WHAT YOU HAVE TO DO ▸ Give back an exact copy of the lines in the records below, from the line that has "PS5 Fate/Samurai Remnant" through the line that has "LeaderShift: Leading amid", and nothing besides.

SUPPLIED ENTRIES ▸
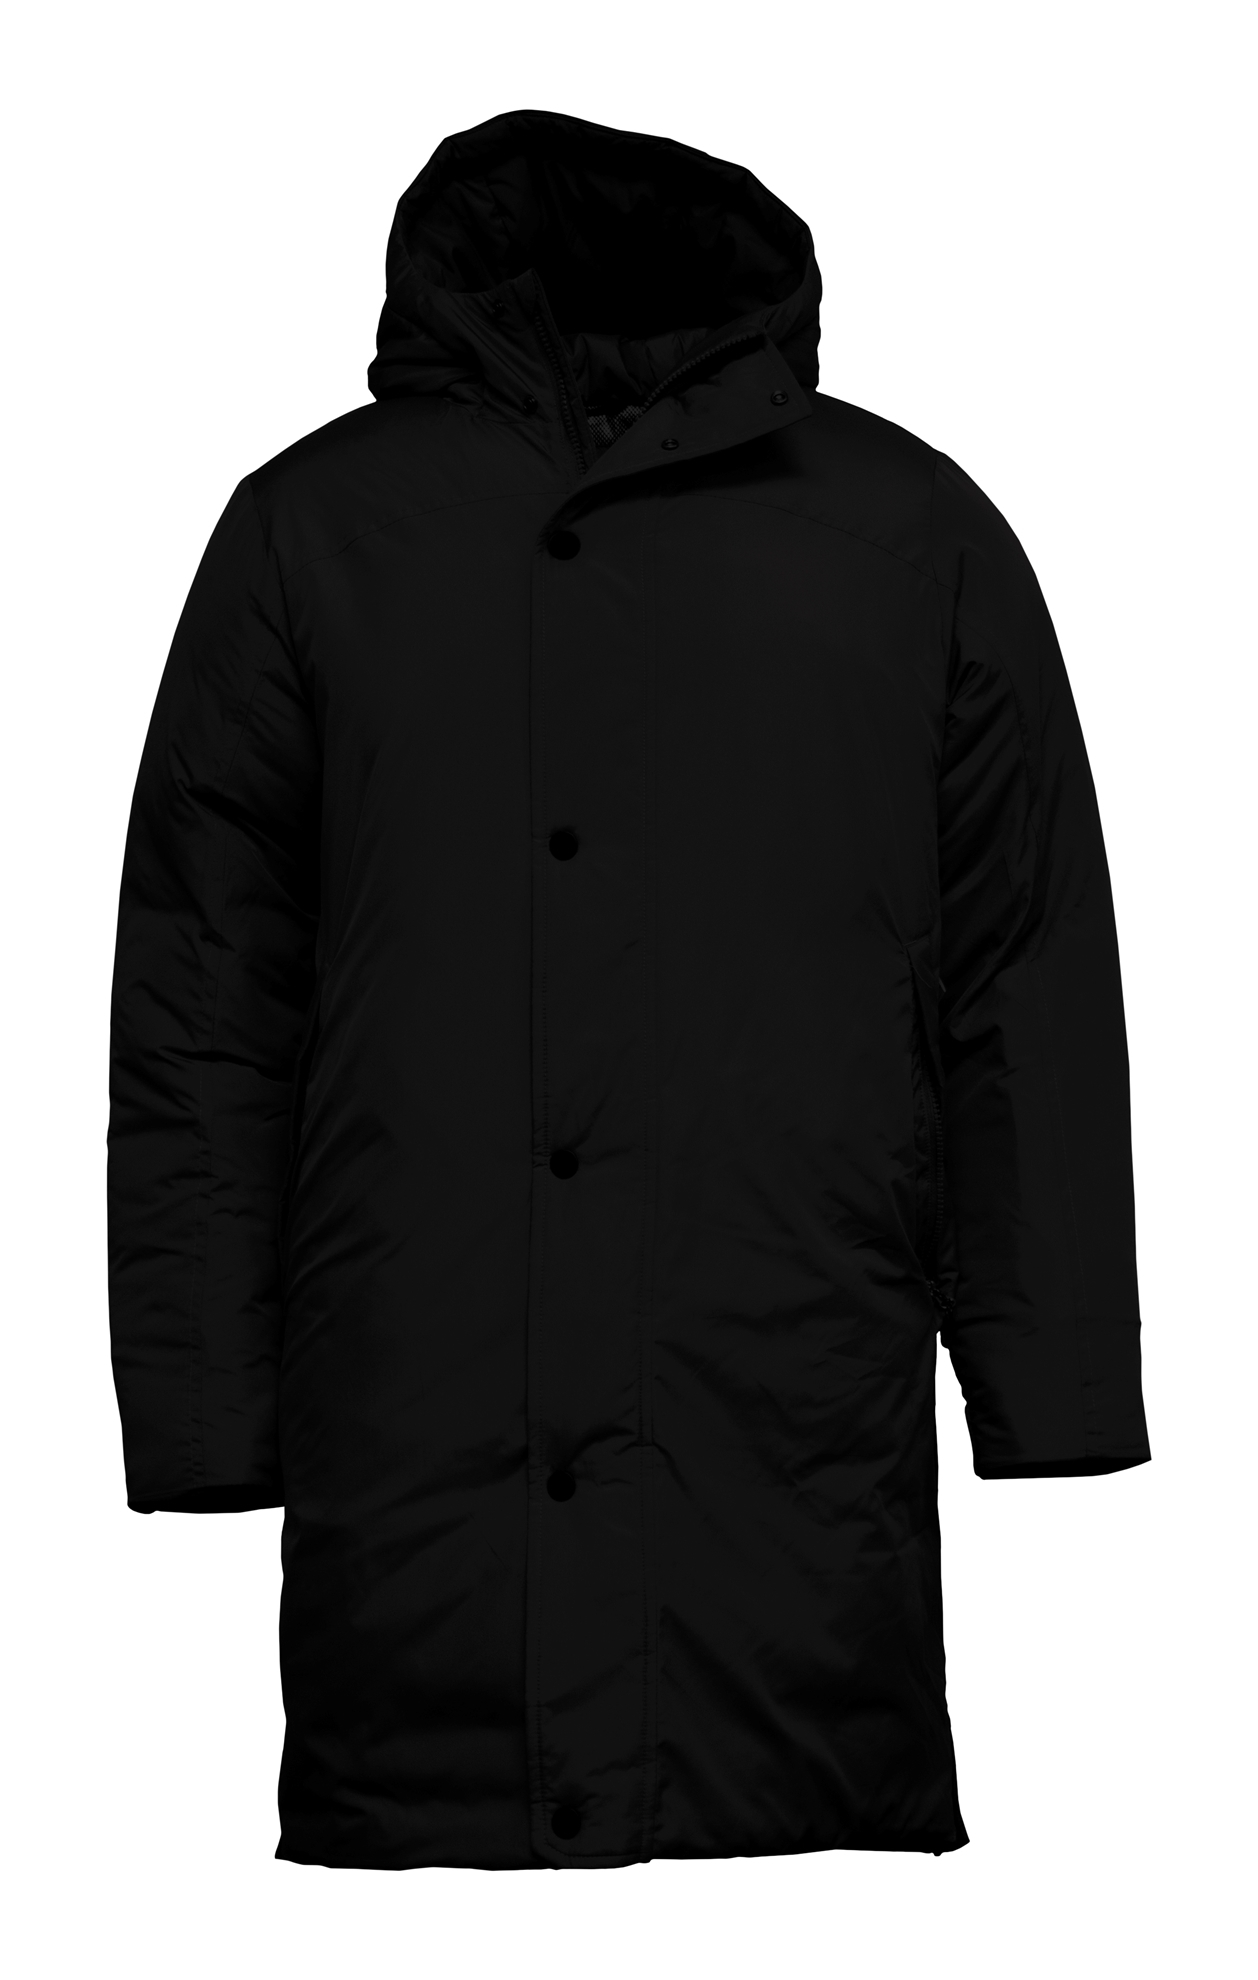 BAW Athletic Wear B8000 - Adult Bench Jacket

* * *

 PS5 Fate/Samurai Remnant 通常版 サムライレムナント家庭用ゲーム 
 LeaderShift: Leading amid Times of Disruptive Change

TASK RESPONSE ▸
 PS5 Fate/Samurai Remnant 通常版 サムライレムナント家庭用ゲーム 
 LeaderShift: Leading amid Times of Disruptive Change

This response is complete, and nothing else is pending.